Data provided |

· · · · · · ·

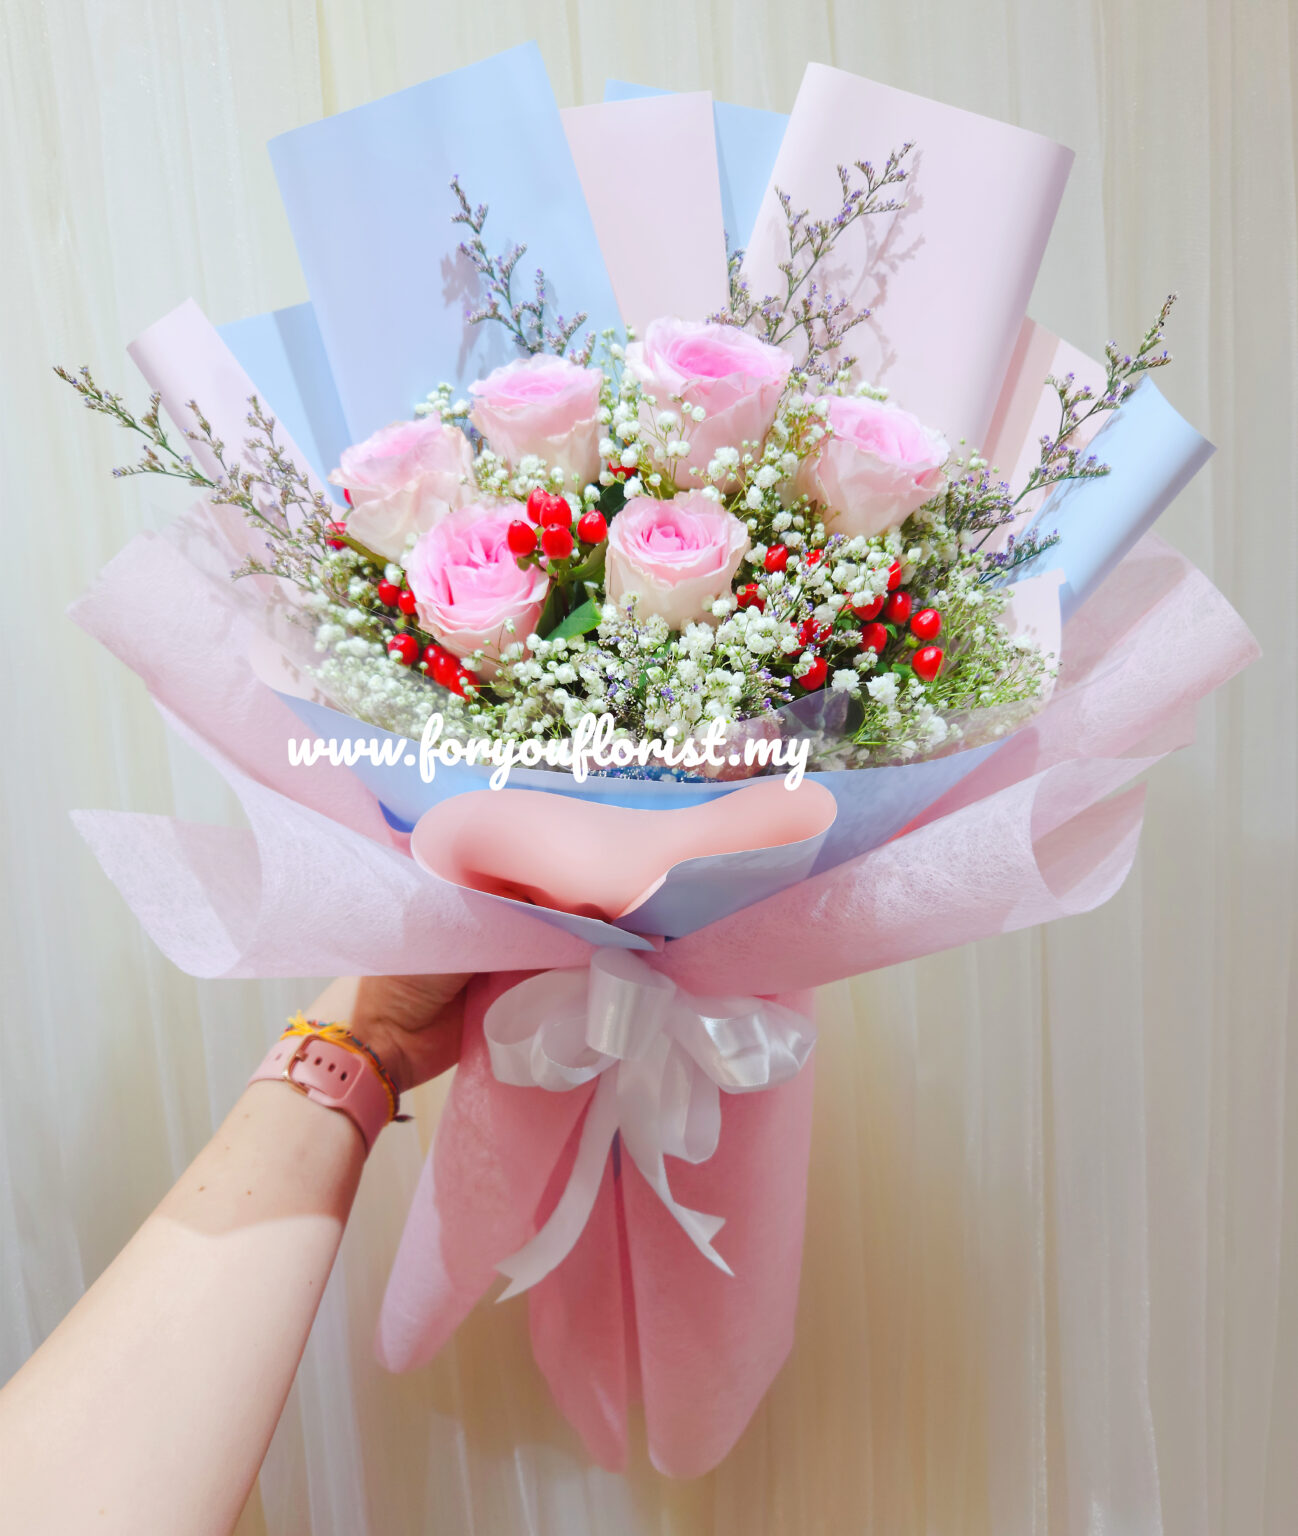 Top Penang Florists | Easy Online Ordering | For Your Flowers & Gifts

· · · · · · ·

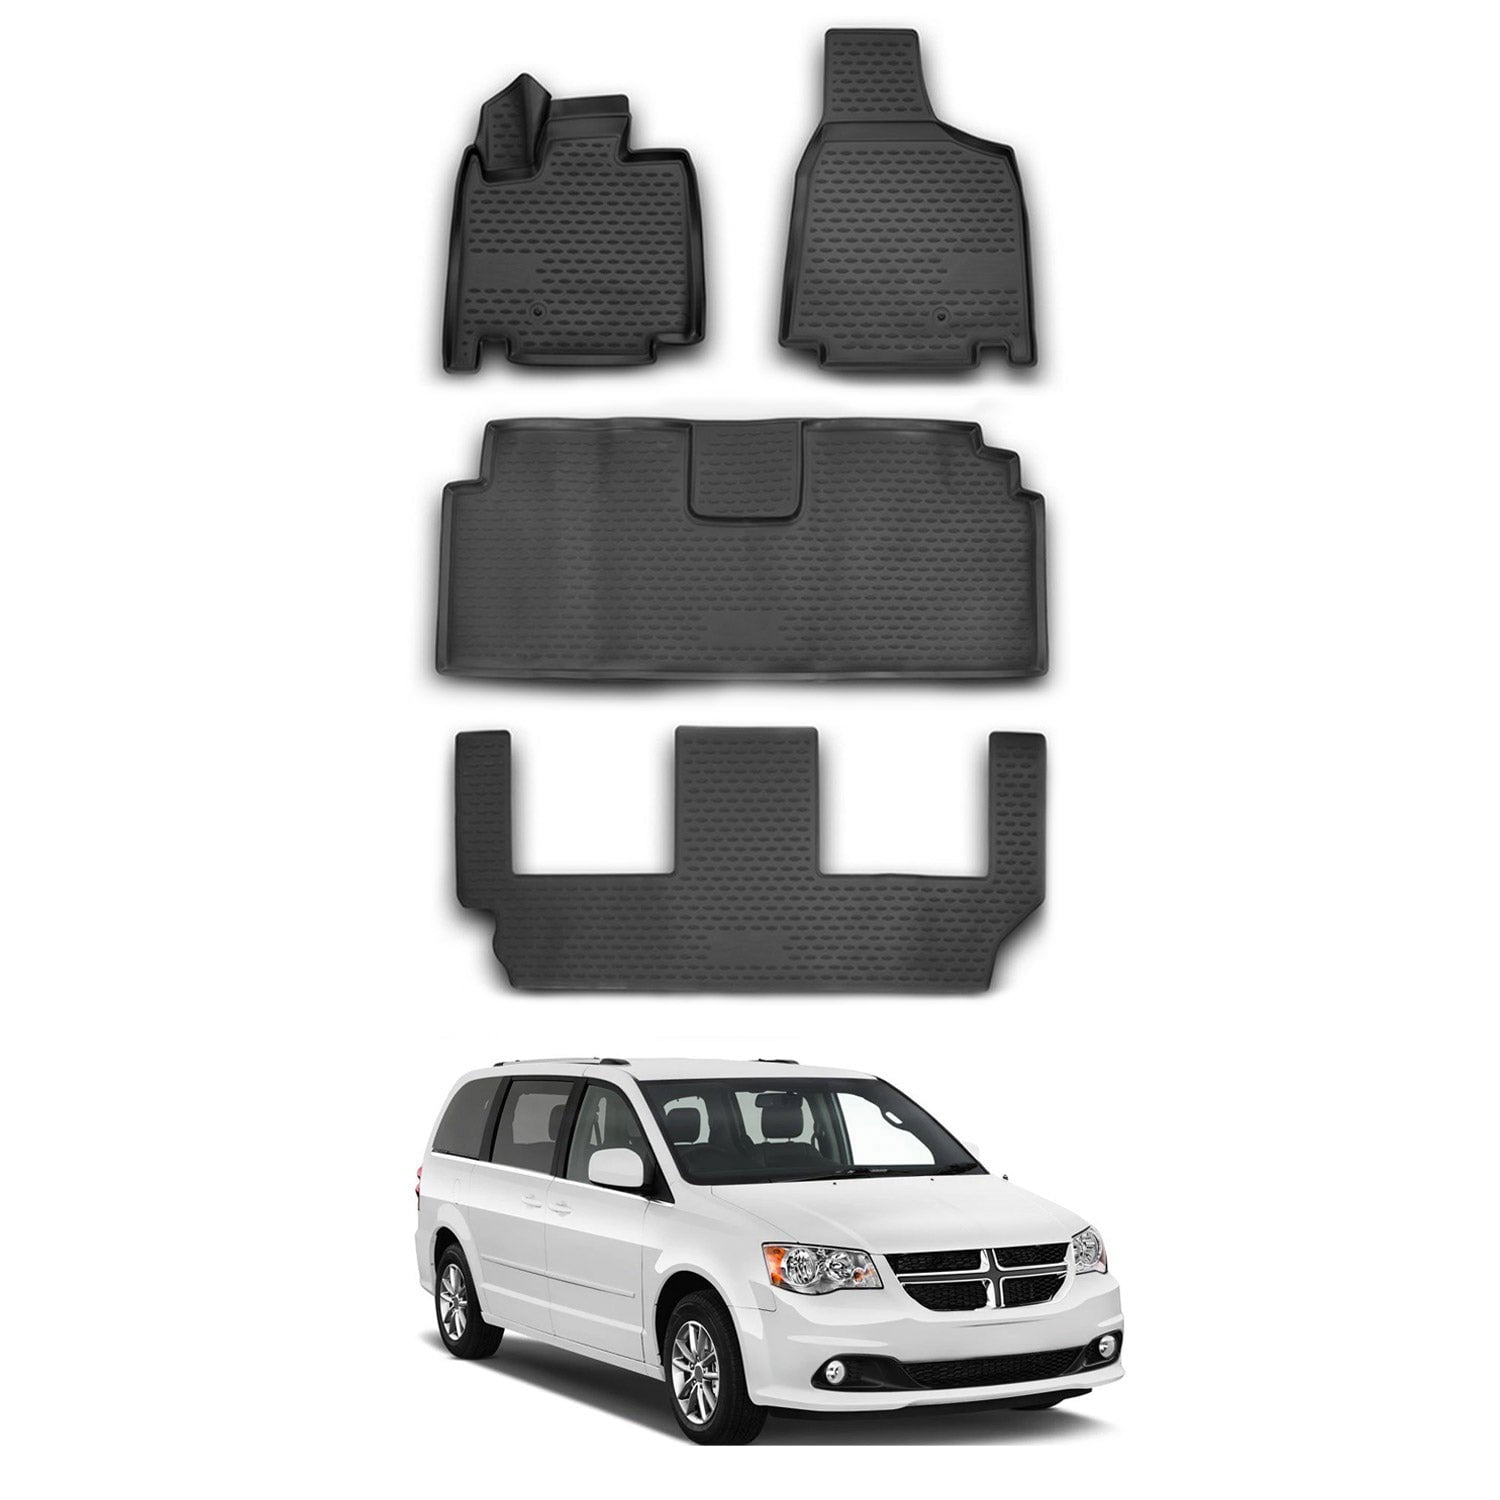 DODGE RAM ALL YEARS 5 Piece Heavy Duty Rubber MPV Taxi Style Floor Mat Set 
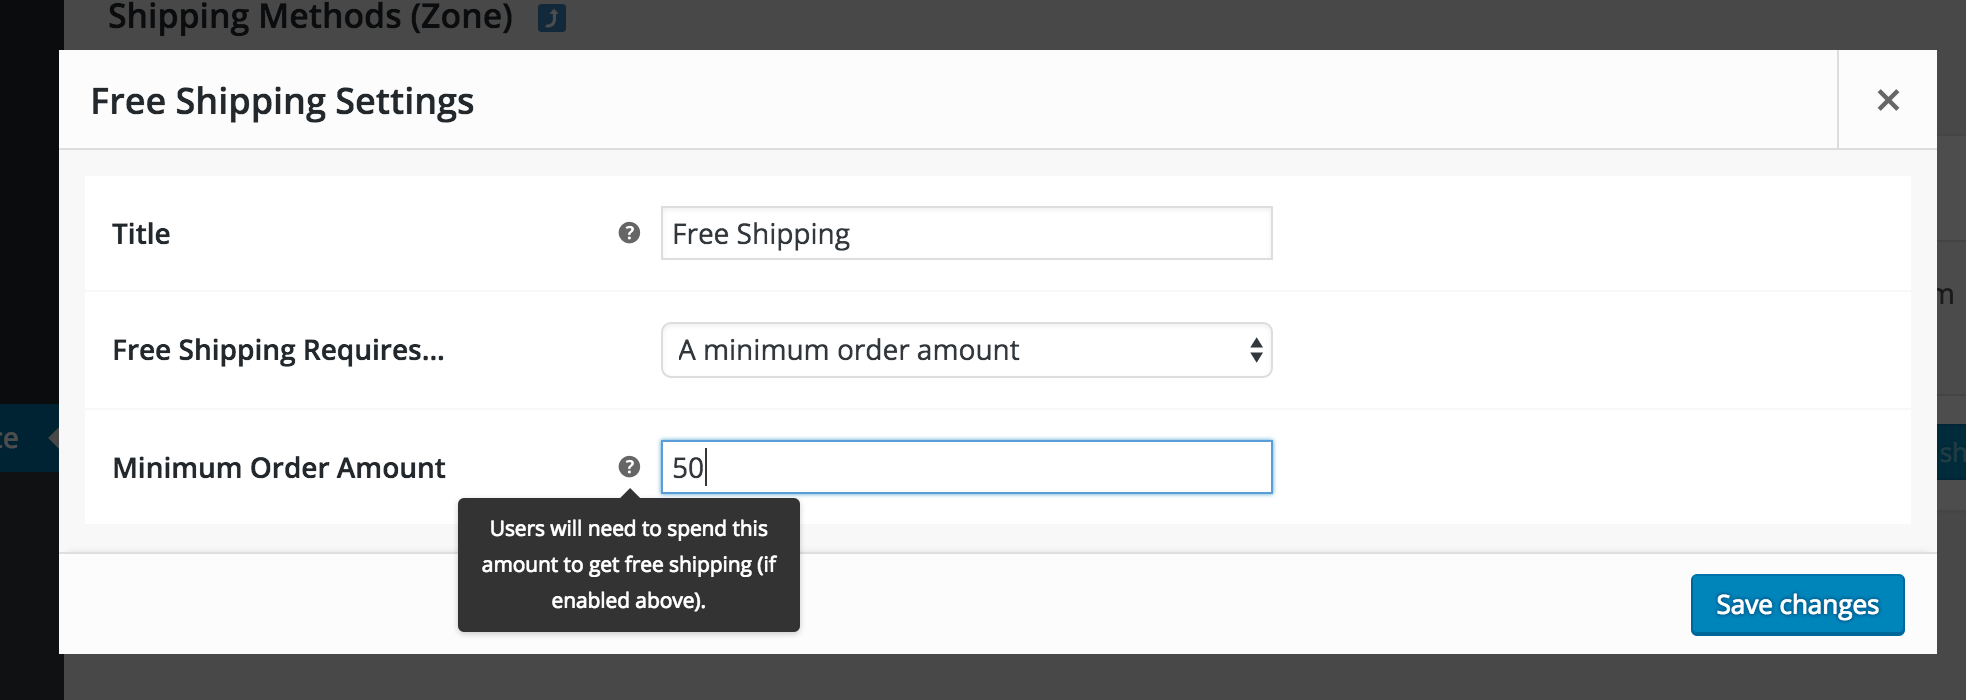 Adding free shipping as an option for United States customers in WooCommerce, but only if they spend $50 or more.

· · · · · · ·

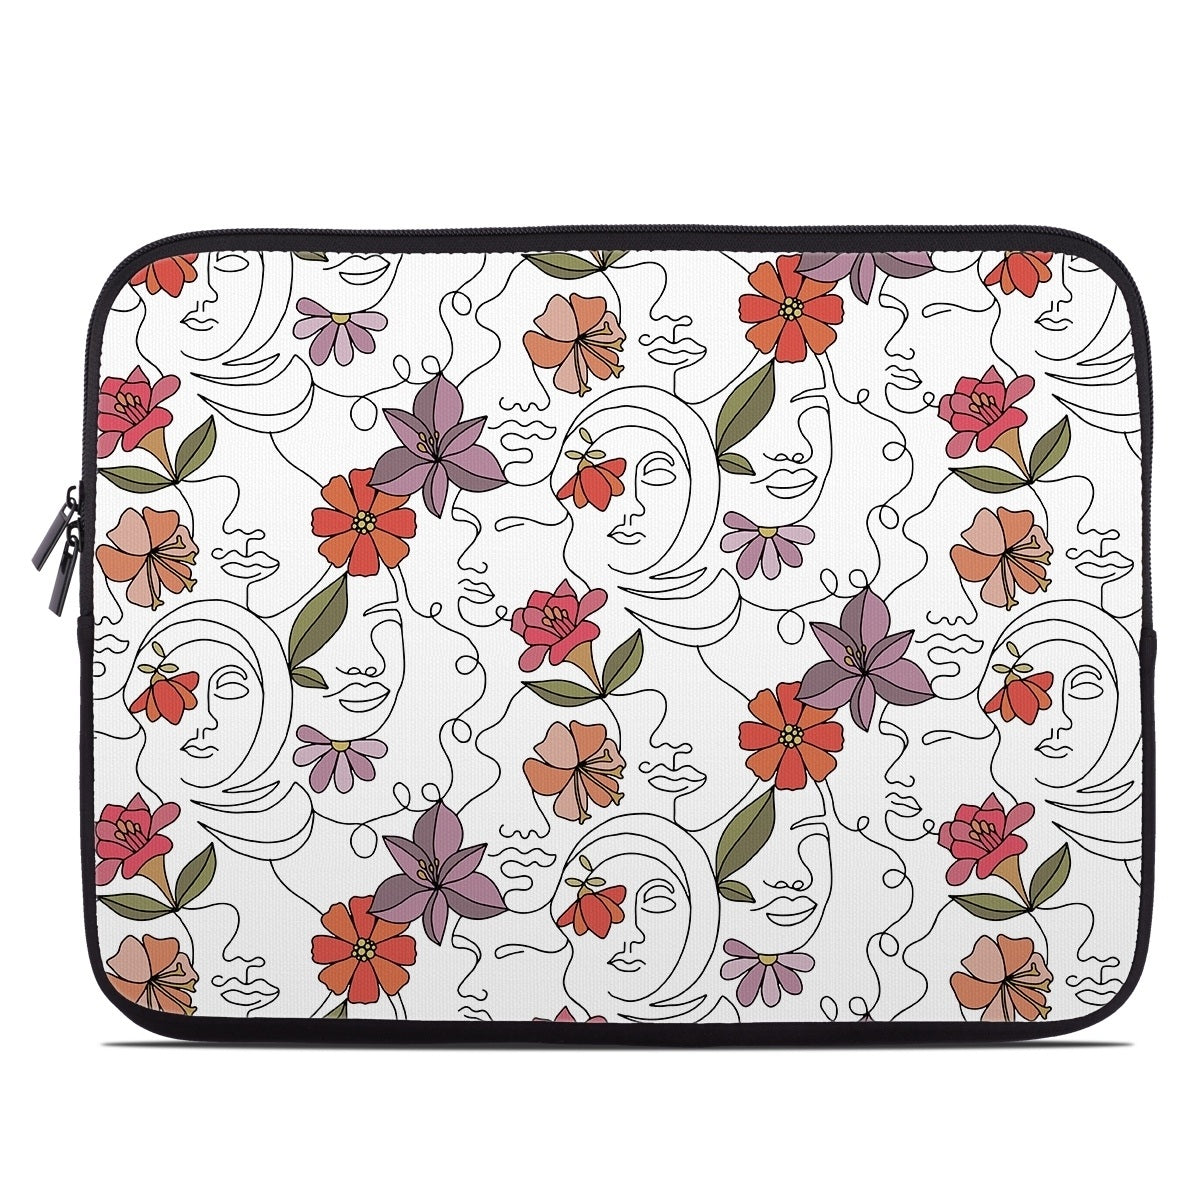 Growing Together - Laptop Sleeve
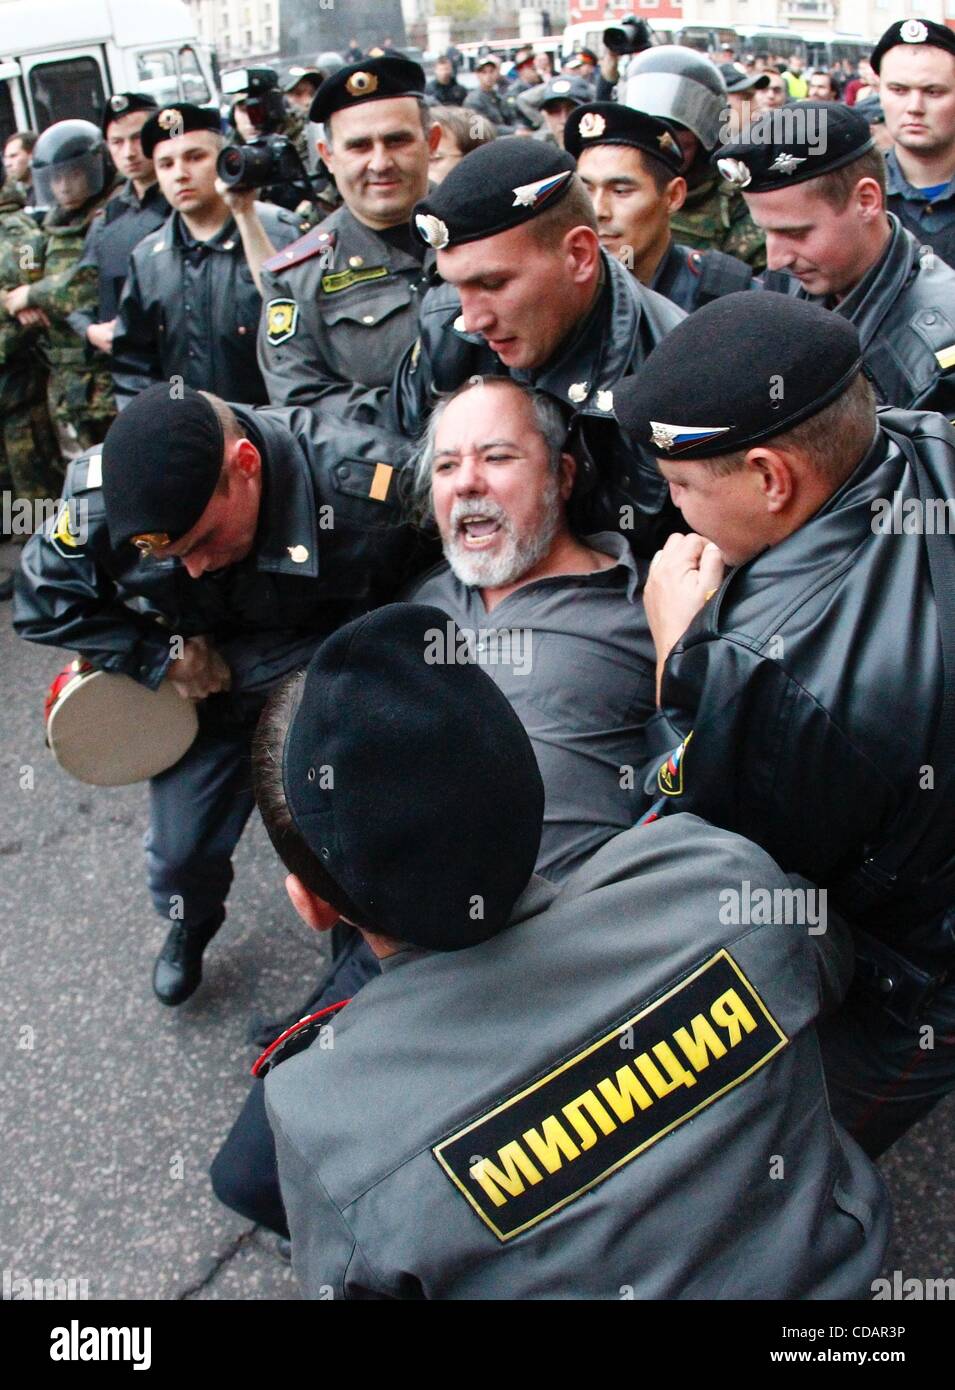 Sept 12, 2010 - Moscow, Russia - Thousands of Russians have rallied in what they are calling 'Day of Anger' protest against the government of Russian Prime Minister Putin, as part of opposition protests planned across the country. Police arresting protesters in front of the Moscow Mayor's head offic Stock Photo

· · · · · · ·

Exercise objective |
From the material above, reproduce only what runs from the line holding "Growing Together - Laptop Sleeve" down to the line holding "Sept 12, 2010", both included, pictures excluded.

Your response |
 Growing Together - Laptop Sleeve
 Sept 12, 2010 - Moscow, Russia - Thousands of Russians have rallied in what they are calling 'Day of Anger' protest against the government of Russian Prime Minister Putin, as part of opposition protests planned across the country. Police arresting protesters in front of the Moscow Mayor's head offic Stock Photo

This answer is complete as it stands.